Is It Time for a People's Crypto-Currency?

| Sunday, January 14, 2018 | |
Watching the amazing ups and downs of the CryptoCurrencies over this last week (driven, I think, in part by an understanding that the unstable fiat currencies run by the nation states are largely controlled by large banking and investors) has been sobering.  Even the likes of Goldman-Sachs have said that investment in them is a better and more secure bet than speculating in gold.  People have become overnight millionaires or overnight paupers, businesses have added the more well known of the Cryptos to the pallet of currencies they'll accept online or at the counter, and the nation states have, in general, struggled as to how to respond to these international, uncontrollable, and largely untraceable currencies.  The Cryptos have become in recent weeks the thing that we were always told they would never be:  Real.

Given that, and given that we're right on the edge of the blockchain revolution, maybe it's time:  Time that We, the People, us huddled masses yearning to breathe free, us guys, used that opportunity to create something decent, a way around the dominated economic system to which we all seem enslaved.  Something incorporating some of the best elements of social financing like Universal Basic Income, but minimizing the vulnerability to manipulation and monopoly, something like that.  None of this is rocket surgery, so to speak.  The blockchain programming that underlies most all of the CryptoCurrencies is available free to anyone on the web, and any programmer with a decent knowledge of C++ and yen to do so can make the modifications necessary.

Here's how I think it could work:  We create a People's Crypto (let's call it, since I'm an Egotist, Mungobucks for the moment).  You download a unique wallet similar to the ones used for Bitcoin and Litecoin and the rest.  Here's the difference, though.  Instead of the blocks being "mined", at the beginning of every month, your account is automatically charged with 1000 Mungobucks.  You don't have to do anything.  January 1, you look at your account, and there they are.  You are free to spend them on anything you wish:  food, rent, videogames, hookers, great literature, base literature, (or, of course, any of my books) education for your kids, tools for your new startups, single bottles of REALLY expensive wine, it's all up to you.  Here's the catch:  at the end of the month, the Mungobucks expire.  You can't roll them over.  You can't sit on them, you can't save them, and they can't be used for any financial investment or institution, because those entities can't own wallets for them.

But If I buy your poetry chap for a Mungobuck, something wonderful happens.  When it's transferred to your wallet, it gets another month of life, another 30 days added to it's lifespan, and in that time you can spend it on whatever you wish.  Spend it on a new bicycle and, voila, the bike vendor's account is credited with new Mungobucks, and those new bucks enter their account with 30 days of usefullness.  The money MUST be spent, must be circulated, or it dies.  The currency is created automatically (just as current fiat currencies are created by public expenditures) and destroyed by time (just as the current fiat currencies are destroyed, if you buy Modern Monetary Theory, by taxes).

It would spur entrepreneurism, it would fund art and education and child care and any number of positive things attributed to UBI, but without government interference or corporate dominance by financials.  Might people set up multiple accounts to get multiple charges of Mungobucks?  Probably, though it would be fairly easy to make that complicated and difficult.  As long as it wasn't pandemic, it wouldn't matter.  Would people accept them as currency?  They'd be insane not to.  Since I have them and YOU have them, why would we not both accept them for food or work or goods?

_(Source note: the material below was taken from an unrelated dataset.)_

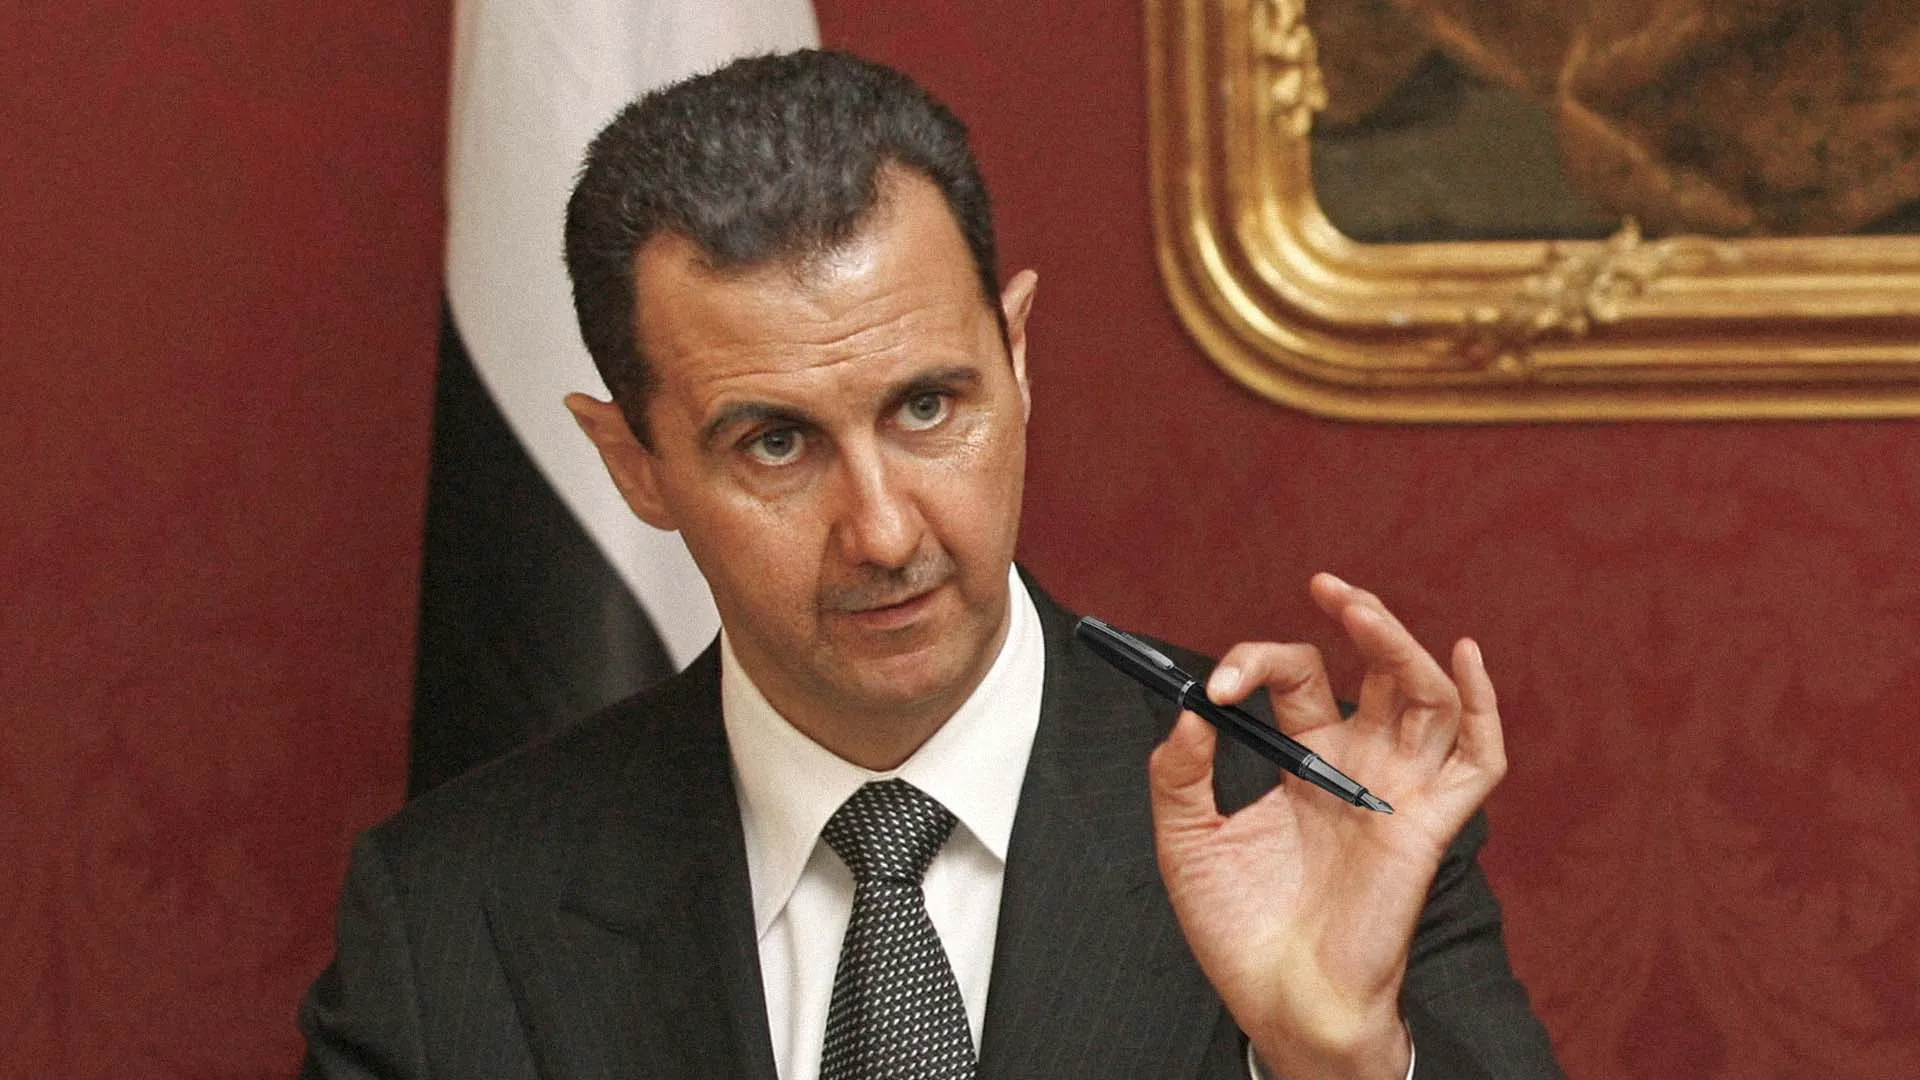 "ليبراسيون" الفرنسية": "بشار الأسد" يستغل الحرب في أوكرانيا لاستعادة مكانته دولياً

 It would also do a great deal to address the gap between the elites and the rest of us financially, making it possible for human beings to simply live without selling themselves into slavery to do so. Now,  there are doubtless a billion things of which I've not thought.  There are probably a hundred pitfalls and potential failings (as well as an equal amount of potential successes and advantages) that I haven't seen, but one thing is, to me, certain:  The current economic system, run as it is by the biggest players and the richest accounts on Earth, has ceased to serve the bulk of humanity adequately.  Maybe, just maybe, the democratization of the currency system can go some distance in ameliorating that.

Besides, it would be fun to watch the big boys scramble for once.